Усобица триумвирата
Шрифт:
– Если я не мила тебе, - сказала Лика боярыне, - я тебя не неволю тратить на меня время и делить со мною стол. Только в глаза говори, чем обидела?
Мявшаяся, жавшаяся и кое-как совладавшая с собой, боярыня Феодора еле слышно произнесла:
– Прости, княгиня, бес попутал! При дочери моей, девице ещё, сказала ты тогда об удах, прости Господь, так я обозлилась! Прости, из-за дочери я разволновалась и посмела…
– Так что же, выходит, это я язык излишне распускаю? – улыбнулась Киликия, не отводя взгляда от женщины. Та задёргала головой, как будто бы отрицая, но очень уж нервно и угодливо.
– Нет, нет, княгиня! Просто дочь моя…
– Рано её ещё приглашать в нашу женскую? Или тебе и самой, всё-таки, неприятно было слышать то, что я говорю?
Феодора замолкла.
– Я поняла тебя, Феодора, - вздохнула Лика, хоть та ничего так и не произнесла, - я воспитана так, а ты – иначе. Это не повод нам с тобой ругаться и оговаривать друг друга. Дочь свою ты воспитываешь так, как считаешь нужным, и я при ней больше не скажу недозволенного. На том и забудем об этом, но коли повторится за моей спиной злой наговор – не спущу этого.

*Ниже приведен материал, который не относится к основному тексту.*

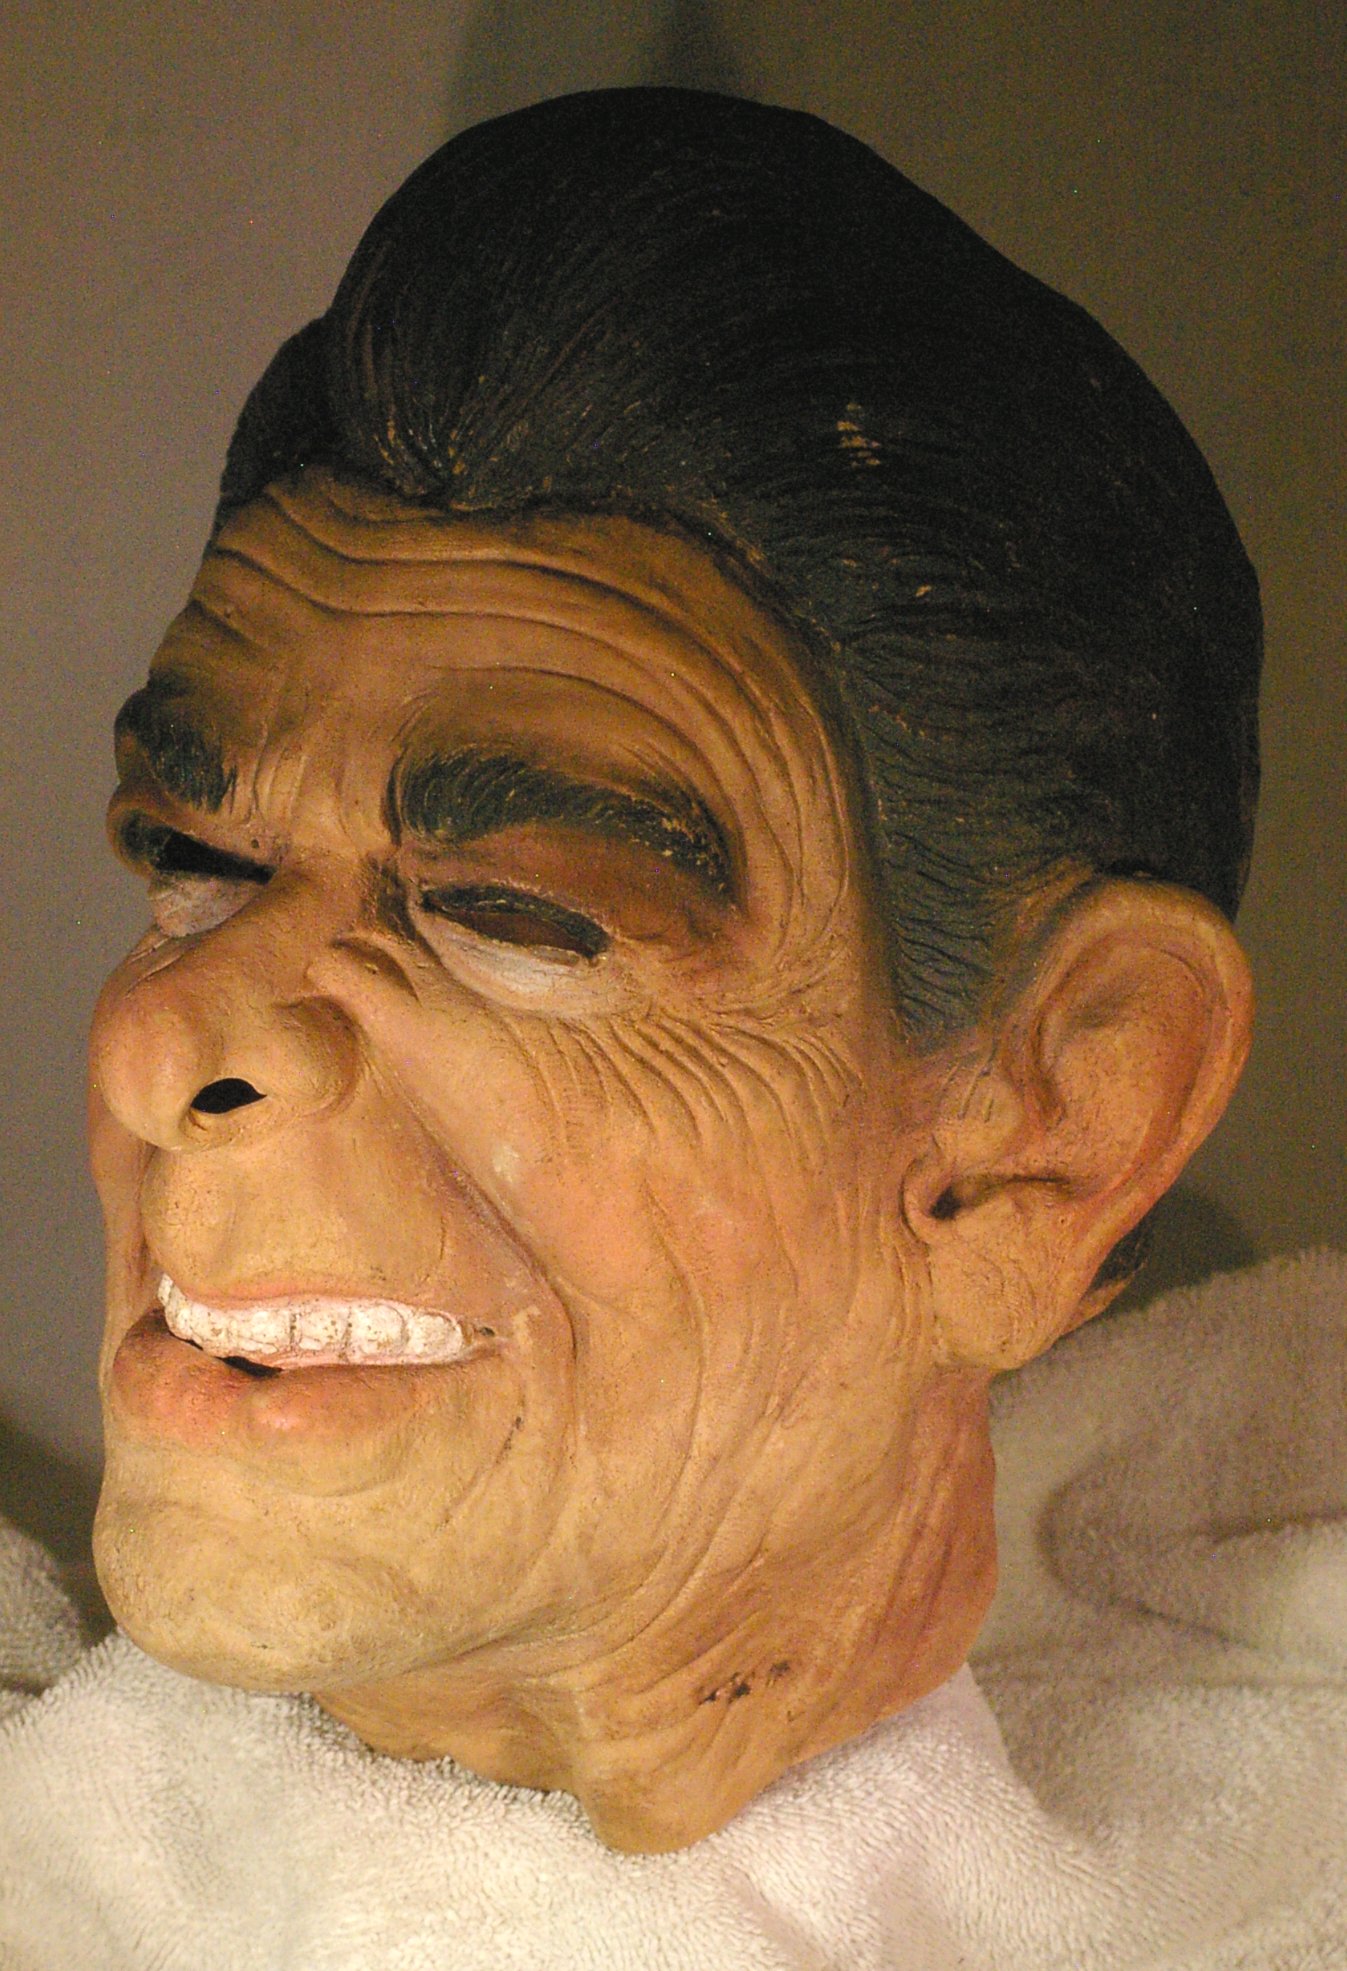 Ronald Reagan Rubber Halloween Mask from 1980's

Боярыня едва не рухнула ей в ноги с благодарностями. Конфликт был исчерпан, а о Киликии утвердилось мнение, как о доброй и мудрой хозяйке, так что каждая женщина стала приходить к ней за советом или делиться чем-то, не таясь и не умалчивая. Жаловались на мужей, не знали, как образумить детей, как поступить с челядинкой или имуществом. Впрочем, и челядь относили в основном к нему же, от чего Киликия пыталась переучать, объясняя, что раз уж приняли христианство, то по-христиански должны и всех людей считать равными. Каждый человек – живая душа, беден он или богат, безроден или знатен. Боярыни делали вид, что понимают и принимают, кивали, но спустя несколько дней вновь кричали на прислужниц, могли замахнуться на них рукой или вовсе не обращать на них внимание, как на безмолвную скотину. После замечаний Лики вздрагивали, крестились и спешили на службу в церковь, молясь о том, чтоб Господь послал им христианской добродетели. Уставая от невежества, непонимания, алчности, гордыни, зависти и злобности многих, кем приходилось себя окружат помимо приближённых по сердцу, добрых и верных людей, вроде Марии Старшей, Алова и его семьи, Киликия добиралась до супружеской кровати, захватывая с собой дочку, обнимала её и засыпала, мечтая поскорее дождаться весны.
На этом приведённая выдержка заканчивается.